[WORK INSTRUCTIONS]
The first line of the entries through the line bearing "Skycraper - Roppongi Hills Main Tower": copy these lines exactly and return nothing else.

[INFORMATION SUPPLIED]
______________________________

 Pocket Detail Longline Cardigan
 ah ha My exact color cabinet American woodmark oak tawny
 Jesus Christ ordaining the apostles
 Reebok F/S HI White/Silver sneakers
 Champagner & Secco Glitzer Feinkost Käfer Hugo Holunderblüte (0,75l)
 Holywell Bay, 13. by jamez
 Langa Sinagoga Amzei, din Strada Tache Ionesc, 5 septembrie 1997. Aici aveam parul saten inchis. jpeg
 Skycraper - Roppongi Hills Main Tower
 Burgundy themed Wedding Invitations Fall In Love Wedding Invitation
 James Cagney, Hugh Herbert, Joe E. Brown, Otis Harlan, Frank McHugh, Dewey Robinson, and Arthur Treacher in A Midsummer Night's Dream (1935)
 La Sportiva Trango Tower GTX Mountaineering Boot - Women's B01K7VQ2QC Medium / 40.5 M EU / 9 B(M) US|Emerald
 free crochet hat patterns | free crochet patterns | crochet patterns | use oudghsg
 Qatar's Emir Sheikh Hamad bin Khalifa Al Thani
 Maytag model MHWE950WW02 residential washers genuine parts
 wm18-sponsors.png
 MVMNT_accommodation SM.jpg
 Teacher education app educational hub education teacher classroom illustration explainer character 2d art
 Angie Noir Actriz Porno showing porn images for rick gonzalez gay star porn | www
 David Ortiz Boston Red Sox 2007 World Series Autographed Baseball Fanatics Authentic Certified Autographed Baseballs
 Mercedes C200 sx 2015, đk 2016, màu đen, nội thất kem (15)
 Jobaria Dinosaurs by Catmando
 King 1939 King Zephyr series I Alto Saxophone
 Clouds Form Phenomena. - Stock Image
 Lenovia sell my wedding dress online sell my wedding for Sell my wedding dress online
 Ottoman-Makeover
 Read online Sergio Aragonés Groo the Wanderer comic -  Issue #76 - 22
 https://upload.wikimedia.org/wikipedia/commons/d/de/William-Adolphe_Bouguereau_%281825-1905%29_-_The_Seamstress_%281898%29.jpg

______________________________

[TASK RESULT]
 Pocket Detail Longline Cardigan
 ah ha My exact color cabinet American woodmark oak tawny
 Jesus Christ ordaining the apostles
 Reebok F/S HI White/Silver sneakers
 Champagner & Secco Glitzer Feinkost Käfer Hugo Holunderblüte (0,75l)
 Holywell Bay, 13. by jamez
 Langa Sinagoga Amzei, din Strada Tache Ionesc, 5 septembrie 1997. Aici aveam parul saten inchis. jpeg
 Skycraper - Roppongi Hills Main Tower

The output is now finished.